Assigned task:
Each record below needs to be written out exactly as it appears.
::::
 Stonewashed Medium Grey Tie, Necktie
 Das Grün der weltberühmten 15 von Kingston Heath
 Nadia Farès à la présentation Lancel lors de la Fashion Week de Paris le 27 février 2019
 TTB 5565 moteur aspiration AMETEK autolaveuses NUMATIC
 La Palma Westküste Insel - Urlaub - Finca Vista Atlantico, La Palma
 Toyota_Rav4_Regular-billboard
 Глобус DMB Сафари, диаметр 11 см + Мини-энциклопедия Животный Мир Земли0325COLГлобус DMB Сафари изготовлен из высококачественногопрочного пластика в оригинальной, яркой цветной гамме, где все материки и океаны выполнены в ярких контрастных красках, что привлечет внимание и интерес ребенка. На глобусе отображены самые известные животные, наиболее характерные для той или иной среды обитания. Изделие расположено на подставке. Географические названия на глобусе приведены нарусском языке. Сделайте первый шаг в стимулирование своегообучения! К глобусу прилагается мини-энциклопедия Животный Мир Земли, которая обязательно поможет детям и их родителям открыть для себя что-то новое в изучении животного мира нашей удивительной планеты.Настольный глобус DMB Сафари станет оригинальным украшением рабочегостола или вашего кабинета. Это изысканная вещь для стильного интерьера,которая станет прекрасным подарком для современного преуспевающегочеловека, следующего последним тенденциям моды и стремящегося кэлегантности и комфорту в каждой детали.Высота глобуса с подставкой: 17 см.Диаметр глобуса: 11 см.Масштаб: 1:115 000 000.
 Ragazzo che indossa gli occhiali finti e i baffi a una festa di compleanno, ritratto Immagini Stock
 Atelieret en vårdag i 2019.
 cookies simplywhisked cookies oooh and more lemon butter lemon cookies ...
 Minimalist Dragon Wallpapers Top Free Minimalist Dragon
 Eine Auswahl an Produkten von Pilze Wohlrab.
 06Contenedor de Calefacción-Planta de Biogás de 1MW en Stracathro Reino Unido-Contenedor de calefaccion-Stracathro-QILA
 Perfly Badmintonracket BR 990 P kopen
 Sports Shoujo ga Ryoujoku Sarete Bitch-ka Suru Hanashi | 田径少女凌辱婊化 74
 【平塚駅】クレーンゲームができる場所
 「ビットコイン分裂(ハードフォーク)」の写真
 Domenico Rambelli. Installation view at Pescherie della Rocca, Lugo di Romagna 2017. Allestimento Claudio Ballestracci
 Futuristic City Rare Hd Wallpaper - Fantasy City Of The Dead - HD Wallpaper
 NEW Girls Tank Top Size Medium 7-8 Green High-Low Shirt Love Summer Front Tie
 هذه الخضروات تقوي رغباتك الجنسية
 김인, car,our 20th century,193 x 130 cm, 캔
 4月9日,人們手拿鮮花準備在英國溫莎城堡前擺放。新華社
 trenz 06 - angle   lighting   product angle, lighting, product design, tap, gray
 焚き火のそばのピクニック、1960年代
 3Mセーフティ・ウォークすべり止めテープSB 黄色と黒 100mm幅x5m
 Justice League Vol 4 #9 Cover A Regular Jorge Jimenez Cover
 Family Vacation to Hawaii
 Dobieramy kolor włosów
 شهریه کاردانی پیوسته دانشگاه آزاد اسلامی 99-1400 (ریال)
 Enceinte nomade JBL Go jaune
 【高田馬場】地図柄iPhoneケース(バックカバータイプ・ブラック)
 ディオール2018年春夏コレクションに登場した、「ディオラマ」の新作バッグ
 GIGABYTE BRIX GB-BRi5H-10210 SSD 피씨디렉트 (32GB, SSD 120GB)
::::
Task output:
 Stonewashed Medium Grey Tie, Necktie
 Das Grün der weltberühmten 15 von Kingston Heath
 Nadia Farès à la présentation Lancel lors de la Fashion Week de Paris le 27 février 2019
 TTB 5565 moteur aspiration AMETEK autolaveuses NUMATIC
 La Palma Westküste Insel - Urlaub - Finca Vista Atlantico, La Palma
 Toyota_Rav4_Regular-billboard
 Глобус DMB Сафари, диаметр 11 см + Мини-энциклопедия Животный Мир Земли0325COLГлобус DMB Сафари изготовлен из высококачественногопрочного пластика в оригинальной, яркой цветной гамме, где все материки и океаны выполнены в ярких контрастных красках, что привлечет внимание и интерес ребенка. На глобусе отображены самые известные животные, наиболее характерные для той или иной среды обитания. Изделие расположено на подставке. Географические названия на глобусе приведены нарусском языке. Сделайте первый шаг в стимулирование своегообучения! К глобусу прилагается мини-энциклопедия Животный Мир Земли, которая обязательно поможет детям и их родителям открыть для себя что-то новое в изучении животного мира нашей удивительной планеты.Настольный глобус DMB Сафари станет оригинальным украшением рабочегостола или вашего кабинета. Это изысканная вещь для стильного интерьера,которая станет прекрасным подарком для современного преуспевающегочеловека, следующего последним тенденциям моды и стремящегося кэлегантности и комфорту в каждой детали.Высота глобуса с подставкой: 17 см.Диаметр глобуса: 11 см.Масштаб: 1:115 000 000.
 Ragazzo che indossa gli occhiali finti e i baffi a una festa di compleanno, ritratto Immagini Stock
 Atelieret en vårdag i 2019.
 cookies simplywhisked cookies oooh and more lemon butter lemon cookies ...
 Minimalist Dragon Wallpapers Top Free Minimalist Dragon
 Eine Auswahl an Produkten von Pilze Wohlrab.
 06Contenedor de Calefacción-Planta de Biogás de 1MW en Stracathro Reino Unido-Contenedor de calefaccion-Stracathro-QILA
 Perfly Badmintonracket BR 990 P kopen
 Sports Shoujo ga Ryoujoku Sarete Bitch-ka Suru Hanashi | 田径少女凌辱婊化 74
 【平塚駅】クレーンゲームができる場所
 「ビットコイン分裂(ハードフォーク)」の写真
 Domenico Rambelli. Installation view at Pescherie della Rocca, Lugo di Romagna 2017. Allestimento Claudio Ballestracci
 Futuristic City Rare Hd Wallpaper - Fantasy City Of The Dead - HD Wallpaper
 NEW Girls Tank Top Size Medium 7-8 Green High-Low Shirt Love Summer Front Tie
 هذه الخضروات تقوي رغباتك الجنسية
 김인, car,our 20th century,193 x 130 cm, 캔
 4月9日,人們手拿鮮花準備在英國溫莎城堡前擺放。新華社
 trenz 06 - angle   lighting   product angle, lighting, product design, tap, gray
 焚き火のそばのピクニック、1960年代
 3Mセーフティ・ウォークすべり止めテープSB 黄色と黒 100mm幅x5m
 Justice League Vol 4 #9 Cover A Regular Jorge Jimenez Cover
 Family Vacation to Hawaii
 Dobieramy kolor włosów
 شهریه کاردانی پیوسته دانشگاه آزاد اسلامی 99-1400 (ریال)
 Enceinte nomade JBL Go jaune
 【高田馬場】地図柄iPhoneケース(バックカバータイプ・ブラック)
 ディオール2018年春夏コレクションに登場した、「ディオラマ」の新作バッグ
 GIGABYTE BRIX GB-BRi5H-10210 SSD 피씨디렉트 (32GB, SSD 120GB)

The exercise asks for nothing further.